Deleting records can be a bit trickier, because we have to ensure that the database remains internally consistent. If all we care about is a single table, we can use the DELETE
command with a WHERE
clause that matches the records we want to discard. For example, once we realize that our library doesn’t include titles written by Margaret Atwood, we could remove her from the Authors
table like this:
DELETE FROM Authors WHERE family='Atwood';
But what if we removed another author, such as Kevin E. Kline (Author_ID = 1) instead? Our Works
table would still contain three records of titles to which he is a contributor. Remember, the relationship between Works
and Authors
is stored in the Works_Authors
table:
SELECT * FROM Works_Authors WHERE Author_ID = 1;
Work_ID | Author_ID | Role |
---|---|---|
1 | 1 | Author |
16 | 1 | Contributor |
19 | 1 | Author |
This problem is called referential integrity: we need to ensure that all references between tables can always be resolved correctly. If we are weeding our collection and really want to delete all records of titles authored by Kevin Kline, we would not only need to remove him from the Authors
table, but also remove the rows in the Works_Authors
table that refer to him, as well as remove all the works that he authored from the Works
table.
If our database manager supports it, we could automate this using cascading delete. However, this technique is outside the scope of this chapter.

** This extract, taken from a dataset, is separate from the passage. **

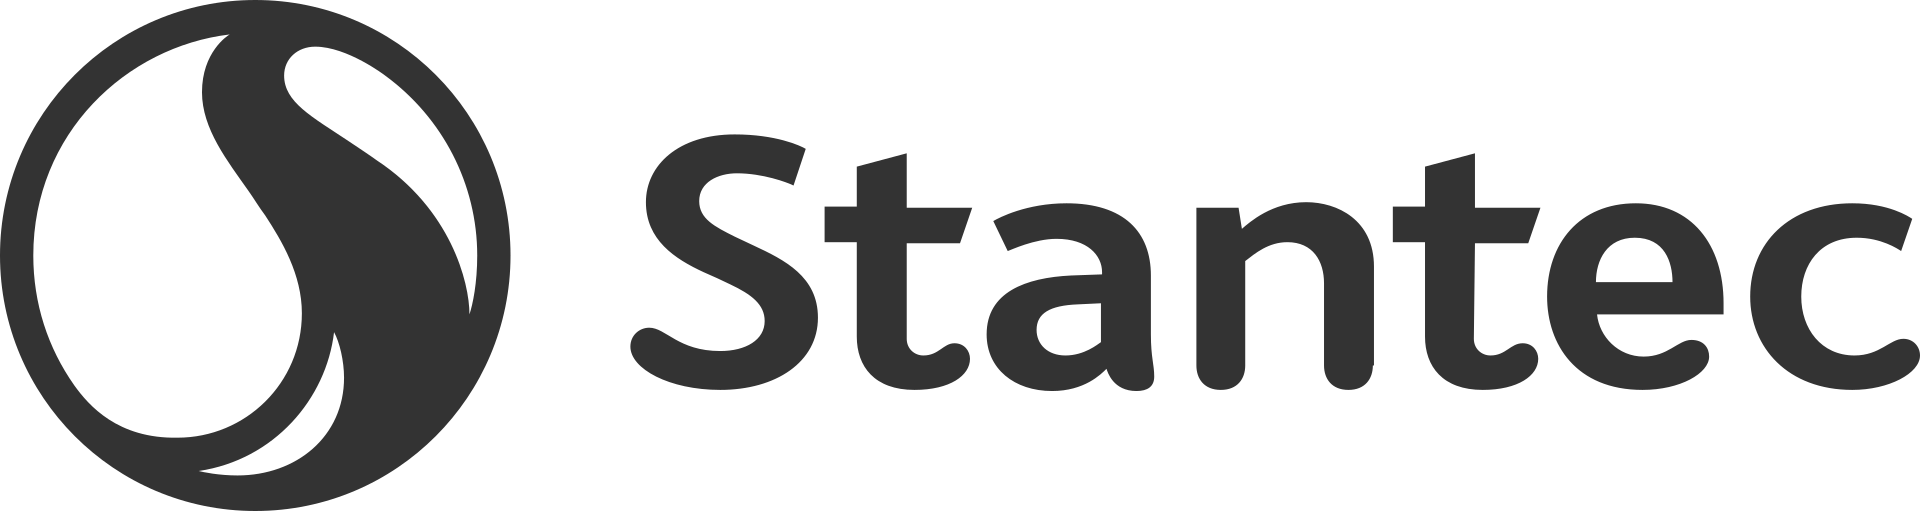 Stantec Brand Logo
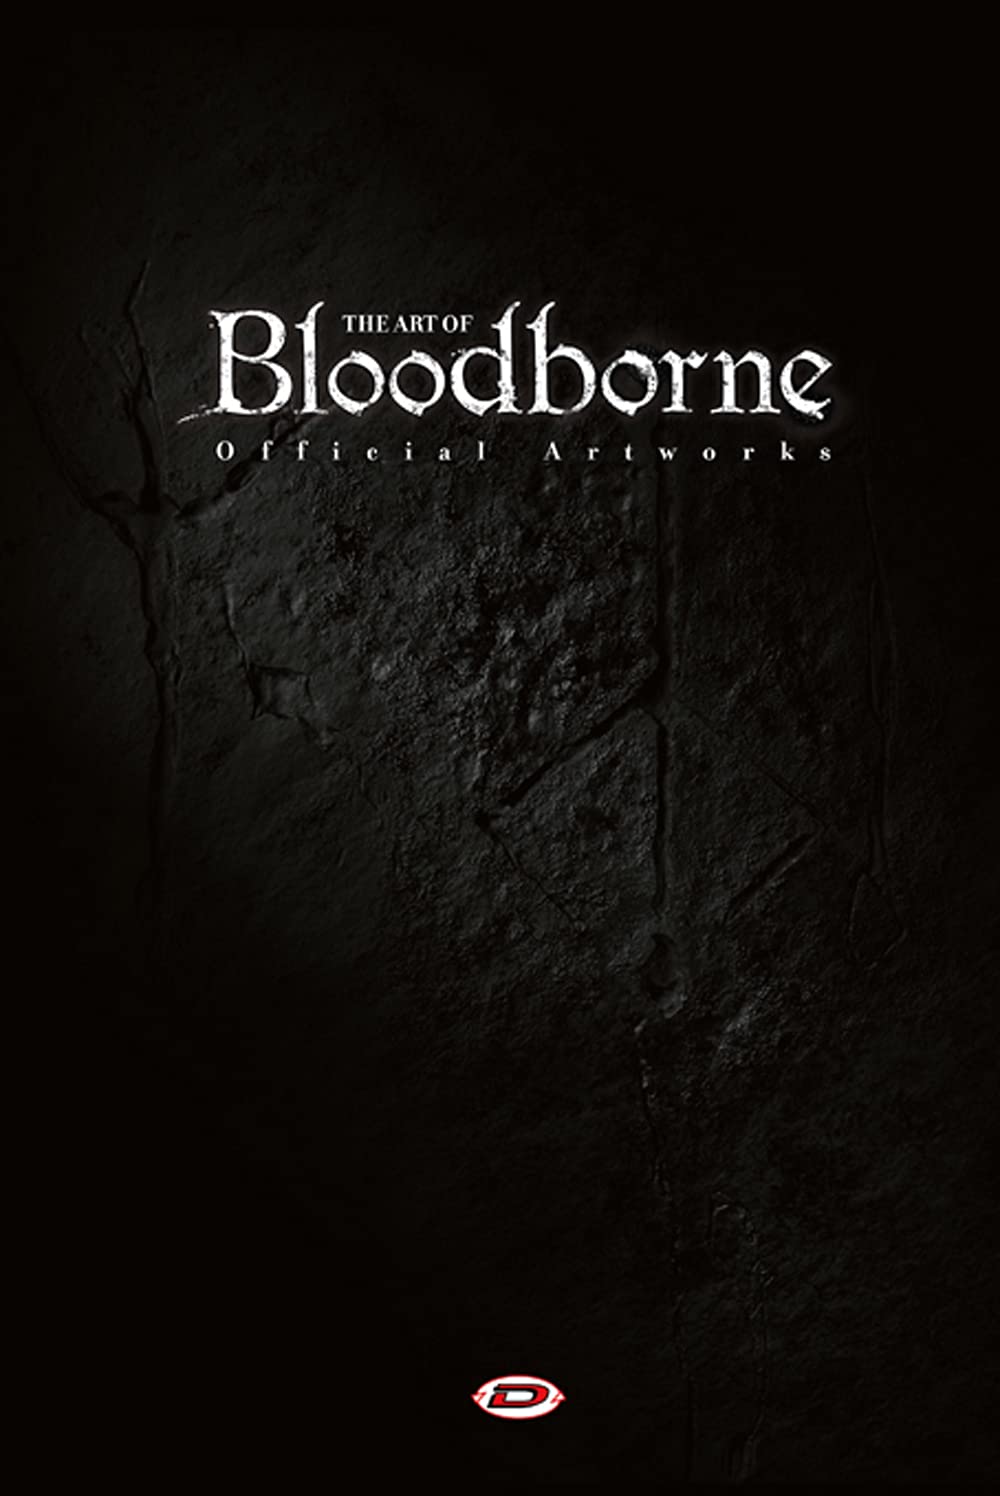 Libri Art Of Bloodborne (The) - Official Artworks NUOVO SIGILLATO, EDIZIONE DEL 17/11/2021 SUBITO DISPONIBILE

Also, it is often better to identify records as “deleted” without actually deleting them. In our example, instead of deleting all the information pertaining to the David Kline titles, we could change the Status
column in the corresponding rows in the Items
table to e.g. Deleted
.
Extracting Publisher Data
Instead of storing the Publisher
information in the Works
table, we could create an authority file for publishers by storing this information in a separate table, then linking it to the Works
table, much like the authors are managed.
The first step would be to retrieve the existing information on publishers from the Works
table. Create a table that contains only publisher names from the Works
table. Warning: avoid duplicates!
Replacing a NULL value
The number of pages for ‘SQL for dummies’, 8th edition is 480. Update the Works table accordingly.
Replacing all NULL values
In the Authors
table, NULL can either mean that a value was not documented (we don’t know this information), or that an author is contemporary (the death
column is empty). Write a statement that replaces the NULL value in the column death
with the string ‘ACTIVE’ for authors where only the birth date is known. Warning: do not replace all NULL values in that column!
Generating Insert Statements
The collection from another library is being integrated in our database. The bibliograhpic information for the titles in that collection was extracted from another database, and is now available as a CSV file, which is formatted like this:
Title,Authors,ISBN,Publication
"Joe Celko's SQL for Smarties : Advanced SQL Programming","Celko, Joe","Burlington : Elsevier Science, 2015"
"SQL queries for mere mortals : a hands-on guide to data manipulation in SQL", "Viescas, John L;Hernandez, Michael J", "Harlow : Addison-Wesley, 2014."
Write a small Python program that reads this file in and prints out the SQL INSERT
statements needed to add these records to the library database. Note, you will not only need to issue statements for updating the Works
table, but also the Authors
and the Works_Authors
tables. Also, note that some information that is kept in separate columns in our database, was stored in a single column in the exported file you are working on (look at the Publication
column).
Backing Up with SQL
SQLite has several administrative commands that aren’t part of the SQL standard. One of them is .dump
, which prints the SQL commands needed to re-create the database. Another is .load
, which reads a file created by .dump
and restores the database. A colleague of yours thinks that storing dump files (which are text) in version control is a good way to track and manage changes to the database. What are the pros and cons of this approach? (Hint: records aren’t stored in any particular order.)